In an opinion issued on May 9, 2014, the U.S Court of International Trade (CIT) ruled against Ford Motor Company in a case in which Ford argued that CBP's requirements relating to certificates of origin should be similar whether the claims are made in a reconciliation context or a NAFTA post-import context since both are made pursuant to 19 U.S.C. 1520(d).

For the purposes of traditional NAFTA eligibility under 19 U.S.C. 1520(d), the requirement is that importers actually present certificates of origin when making a claim. Ford failed to do so in the factual circumstances underlying the case. For the purposes of making a post-import preference claim in the context of a reconciliation program, however, CBP's practice is to waive the need to present certificates of origin and only require that importers possess them.

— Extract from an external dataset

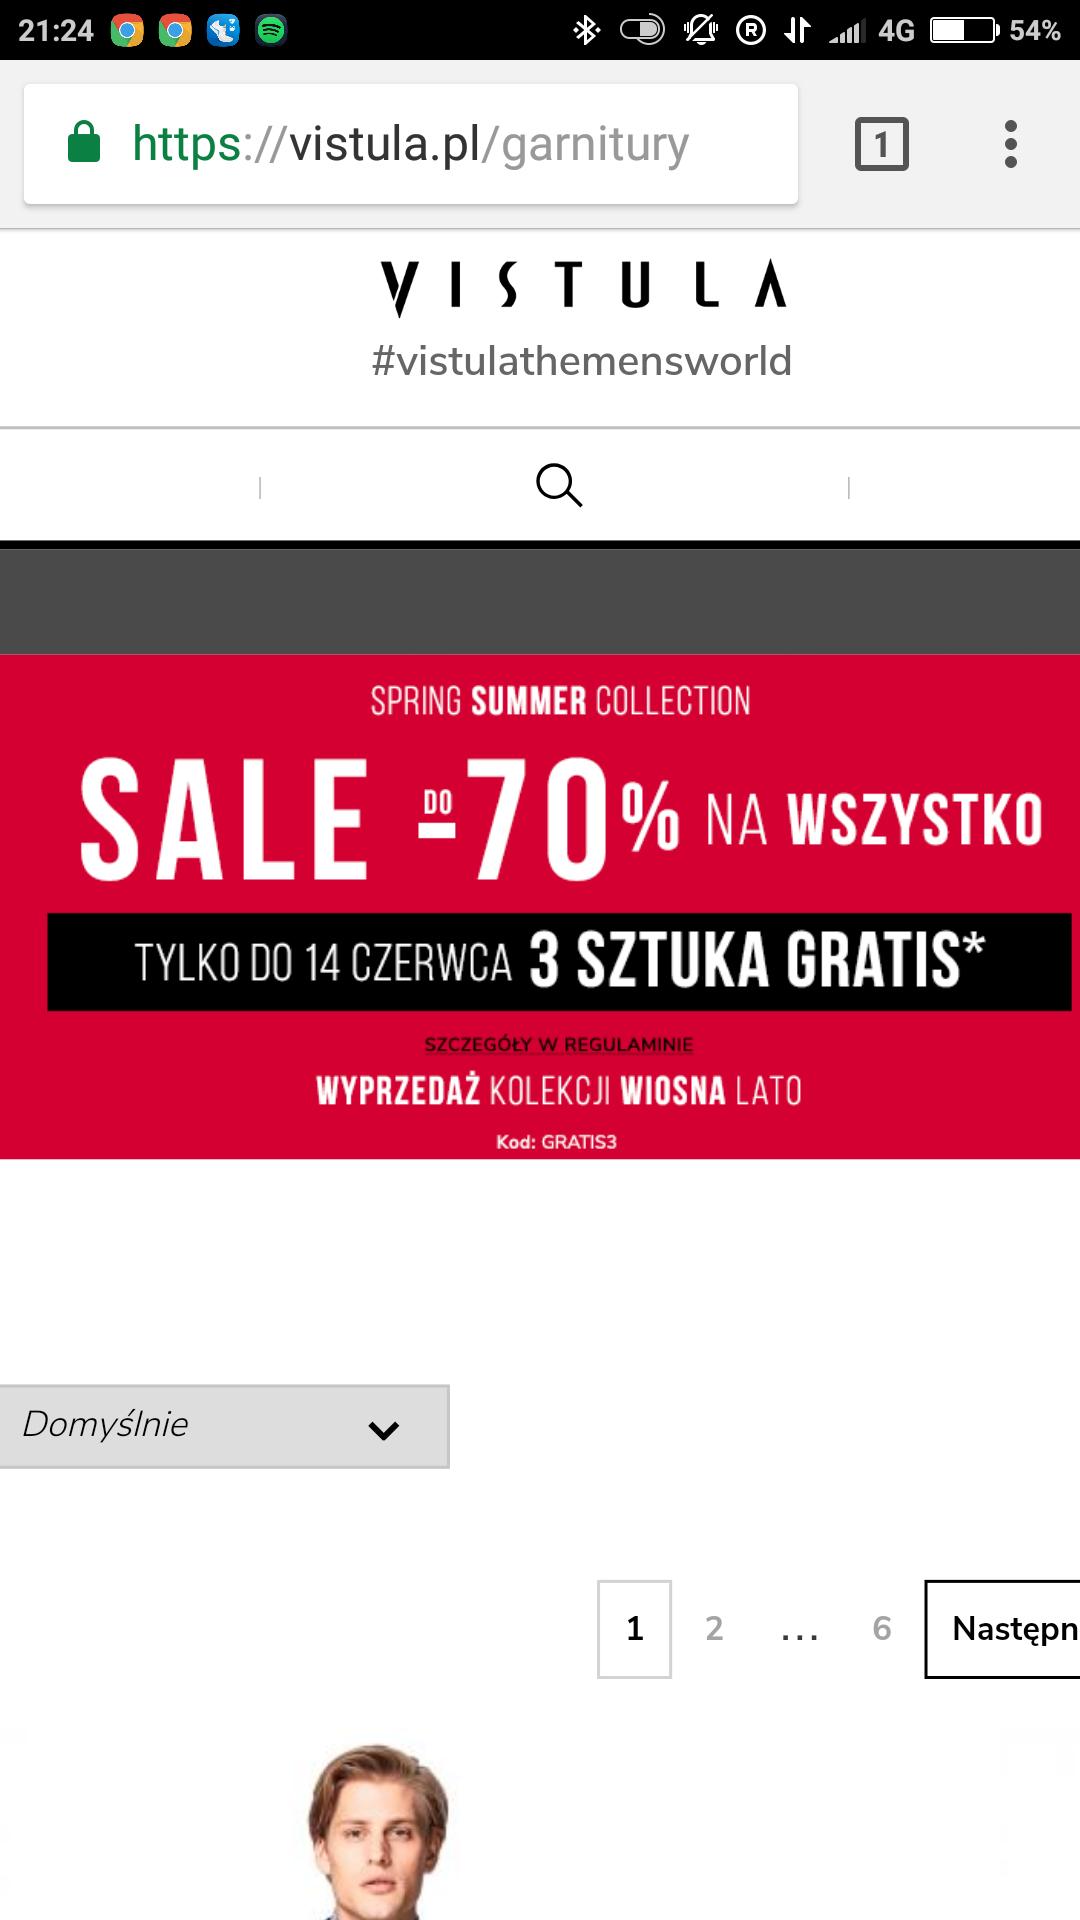 Vistula 3 sztuka gratis na produkty do - 70%

According to the CIT, deciding the case on remand from the Court of Appeals for the Federal Circuit, CBP's practice of differentiating between the two scenarios was acceptable even though 19 U.S.C. 1520(d) applies to both. The CIT accepted CPB's explanation that because the reasoning for the waiver practice is different in the reconciliation context as compared to the traditional post-entry context, CBP was not taking an impermissibly contradictory interpretation of 19 U.S.C. 1520(d) in two different situations, but rather applying that statute appropriately in the context of two different statutory schemes; one which controls the reconciliation process, for which streamlining and automation are an integral part, and the other controlling only post-entry NAFTA claims.